* WORK ITEM
Would you please set down, word for word, the lines from the one with "Lention Neoprene Sleeve" through the final line of the data below, omitting any pictures?

* THE DATA
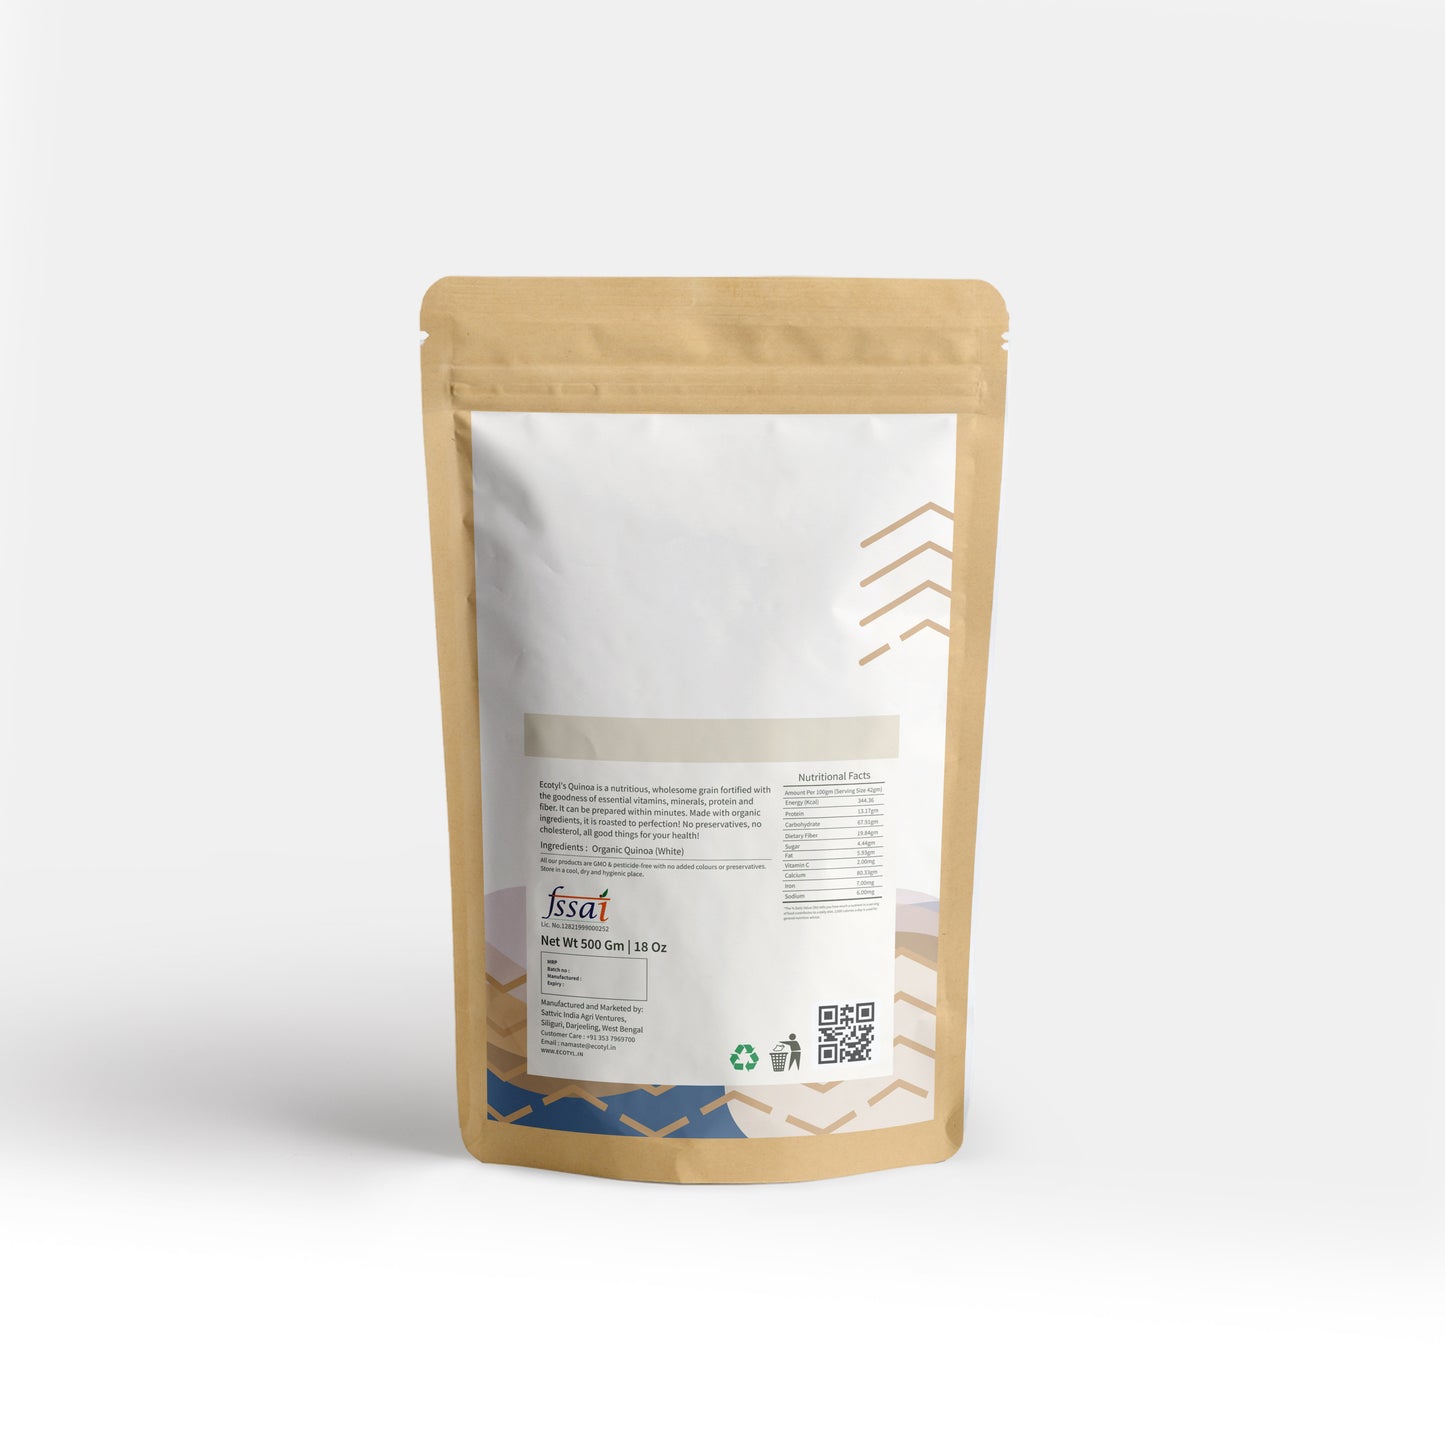 
                  
                    Ecotyl Organic Quinoa (White) (500g)
                  
                
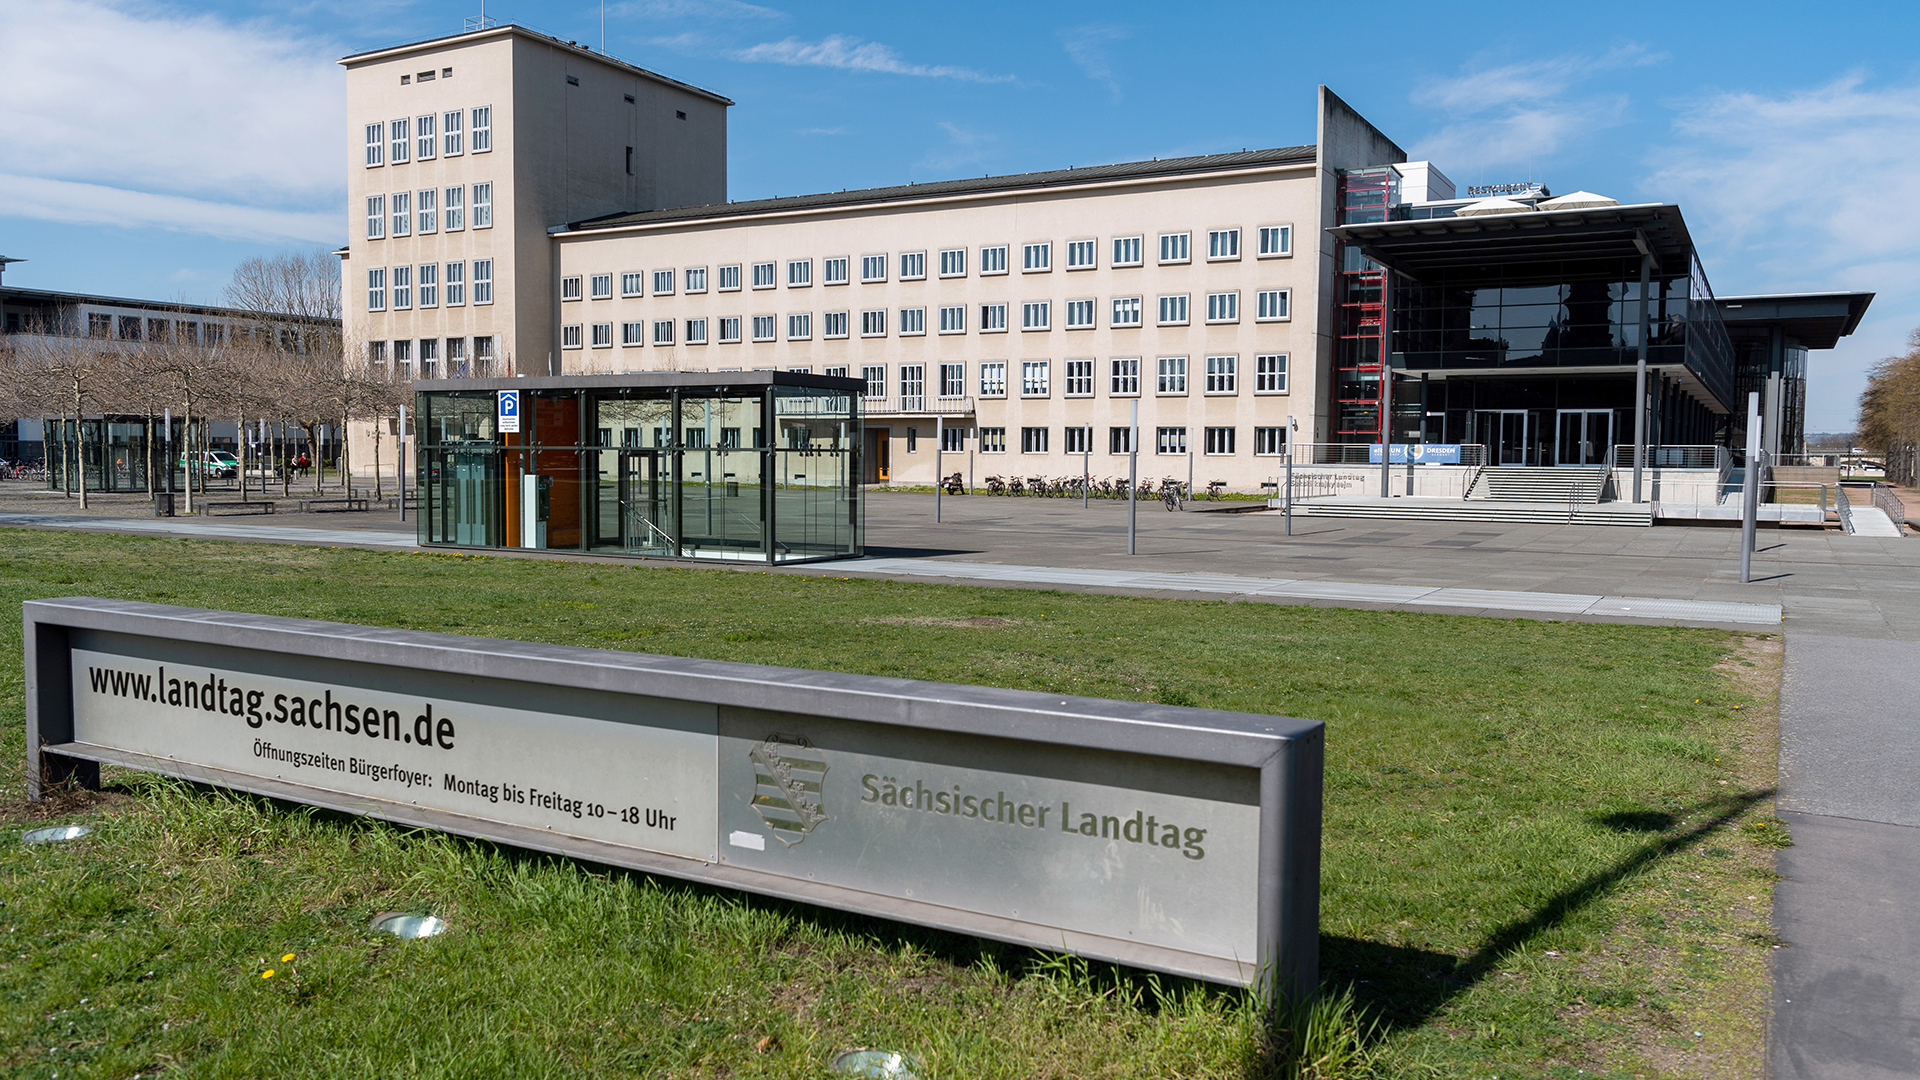 Sächsischer Landtag in Dresden | picture alliance/dpa
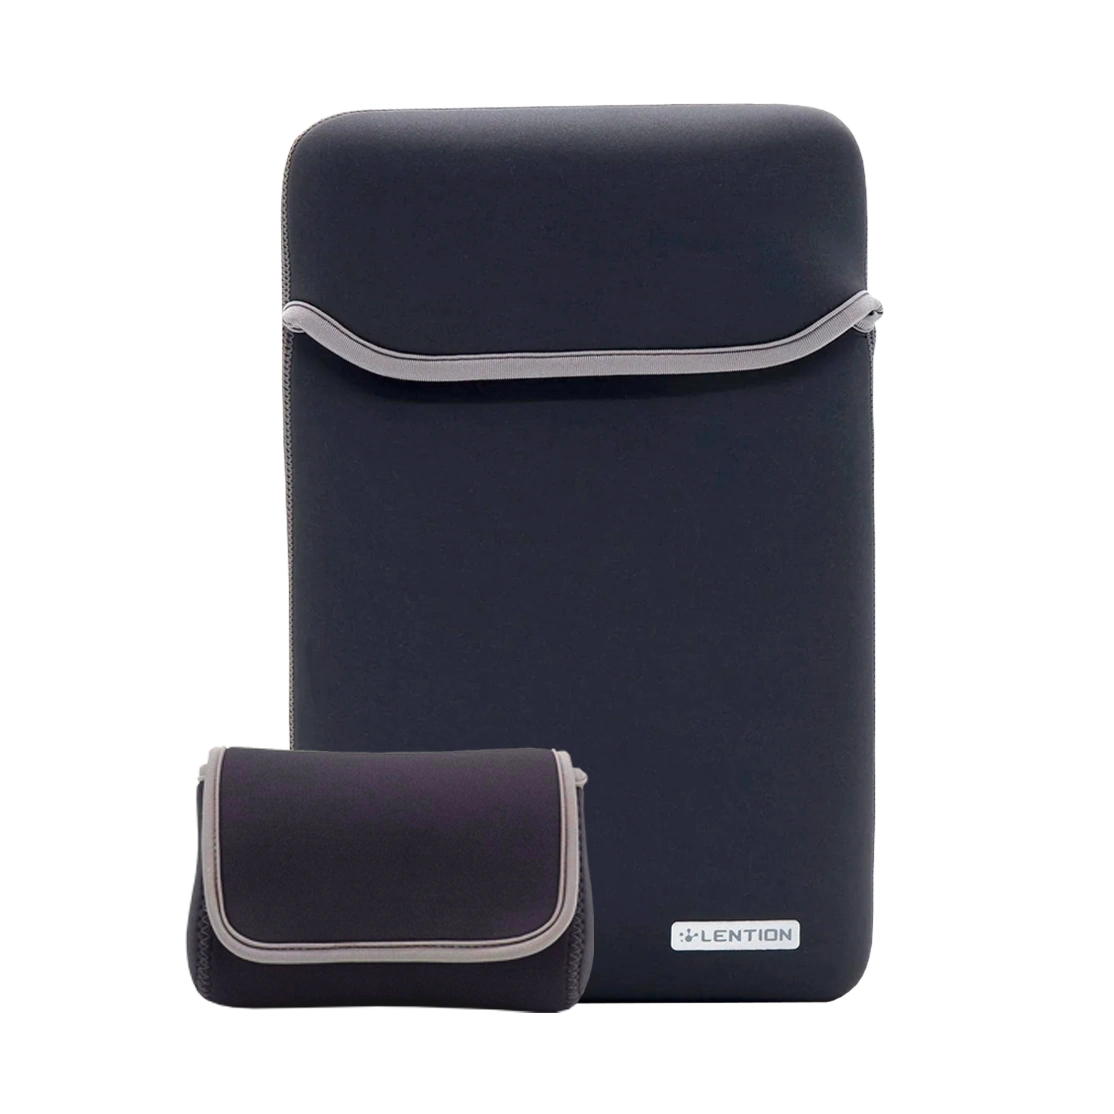 Lention Neoprene Sleeve Case for Macbook 12-inch PCB-B310
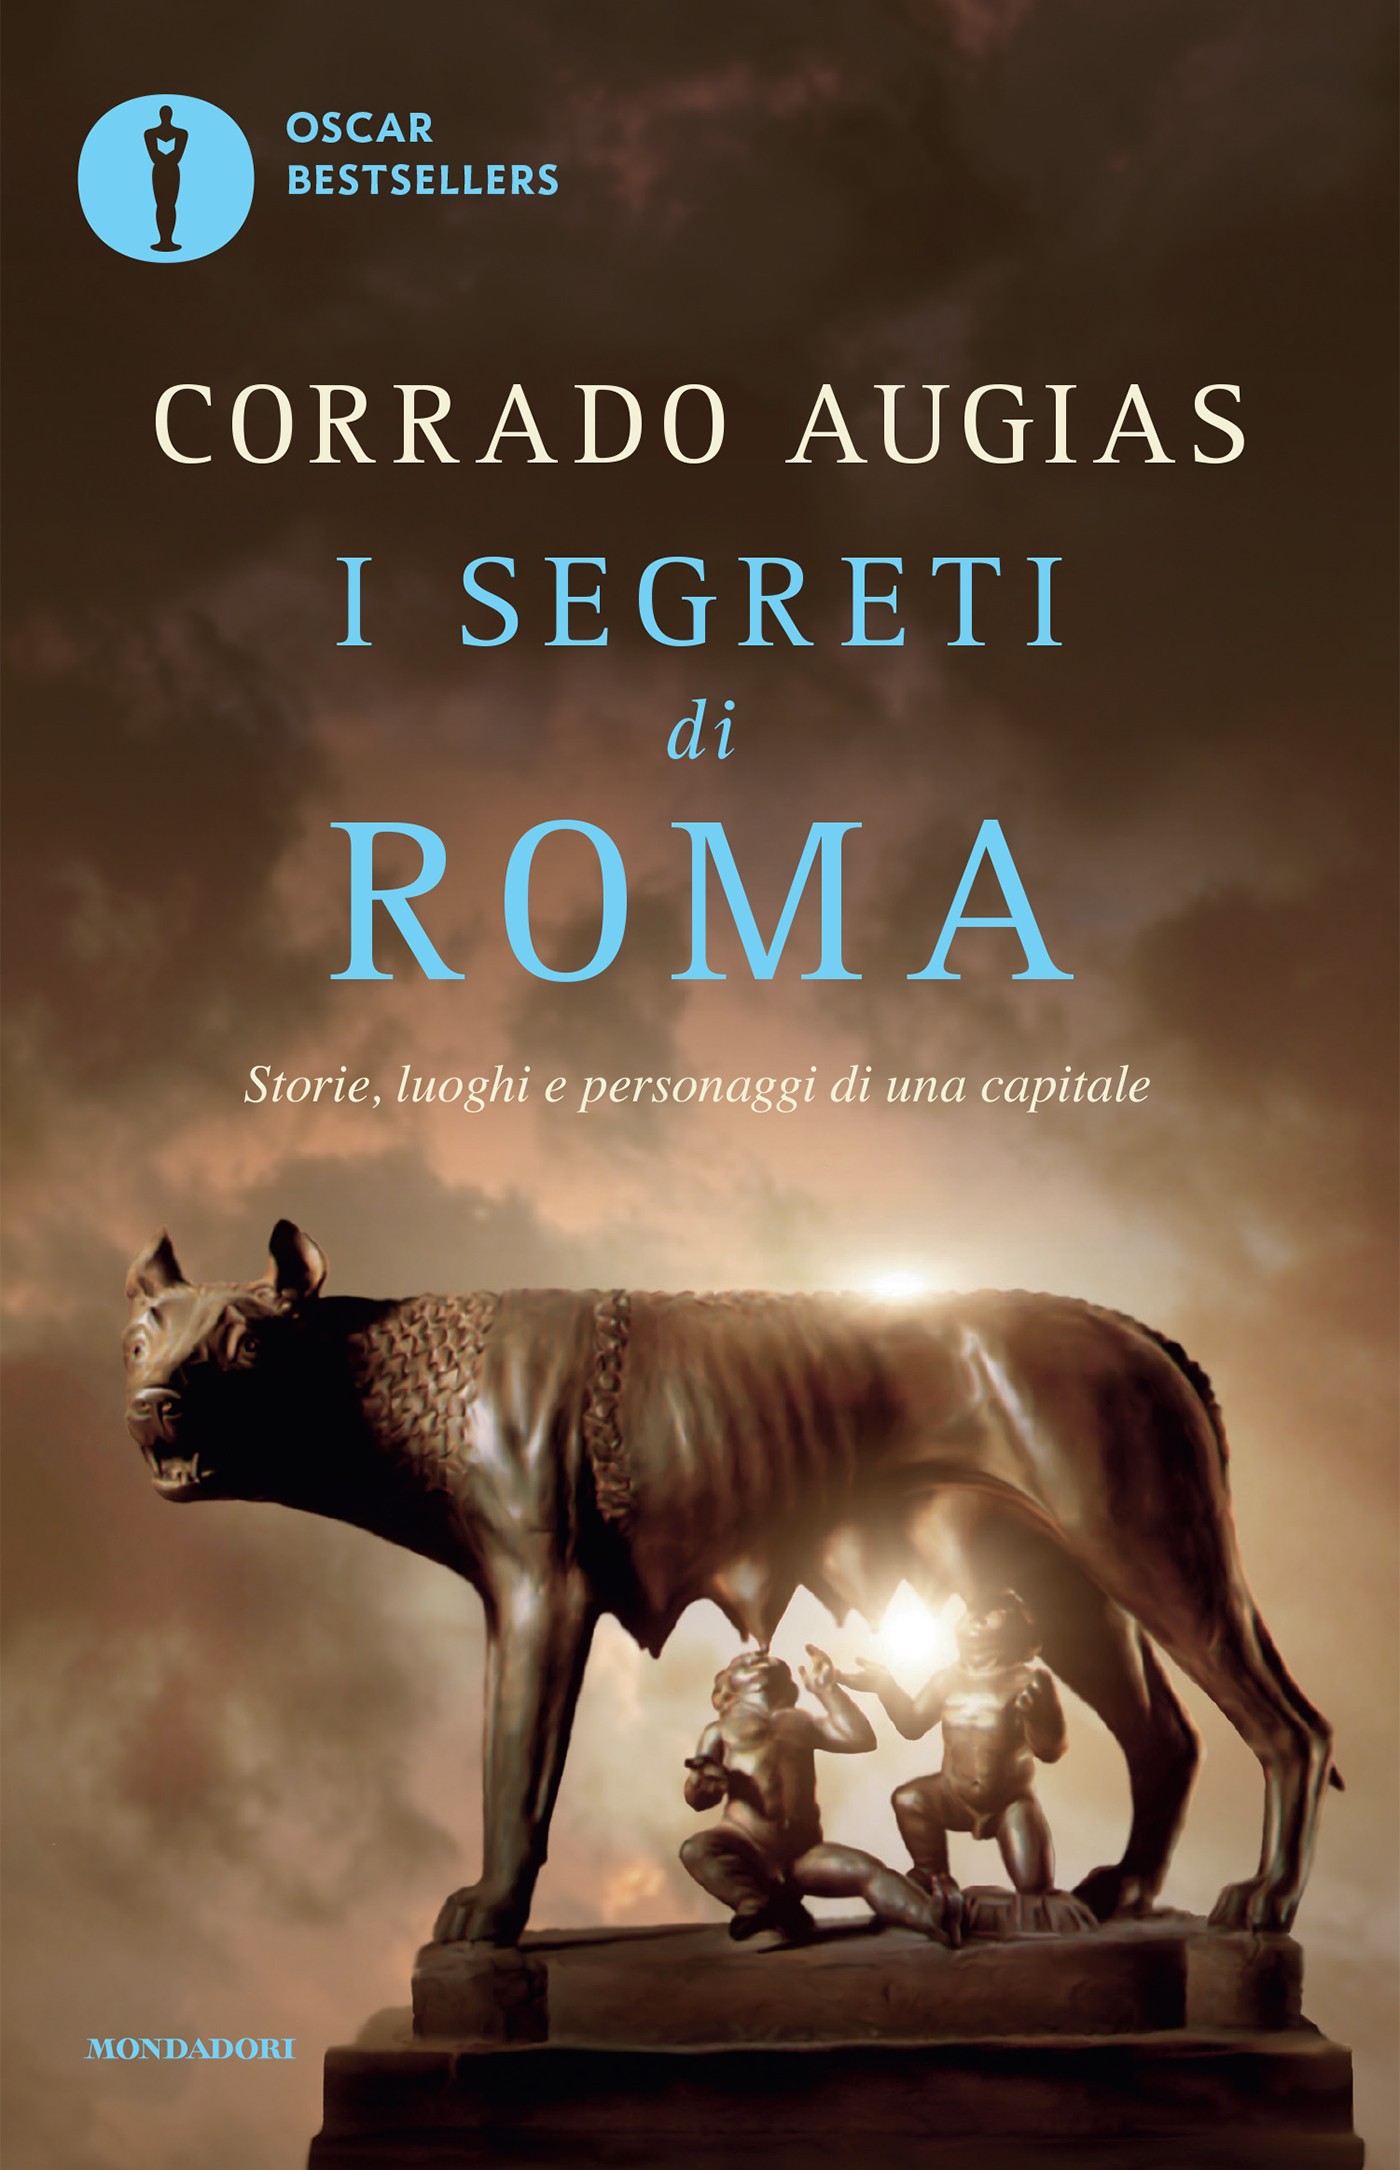 I segreti di Roma - Librerie.coop

* TASK RESULT
 Lention Neoprene Sleeve Case for Macbook 12-inch PCB-B310
 I segreti di Roma - Librerie.coop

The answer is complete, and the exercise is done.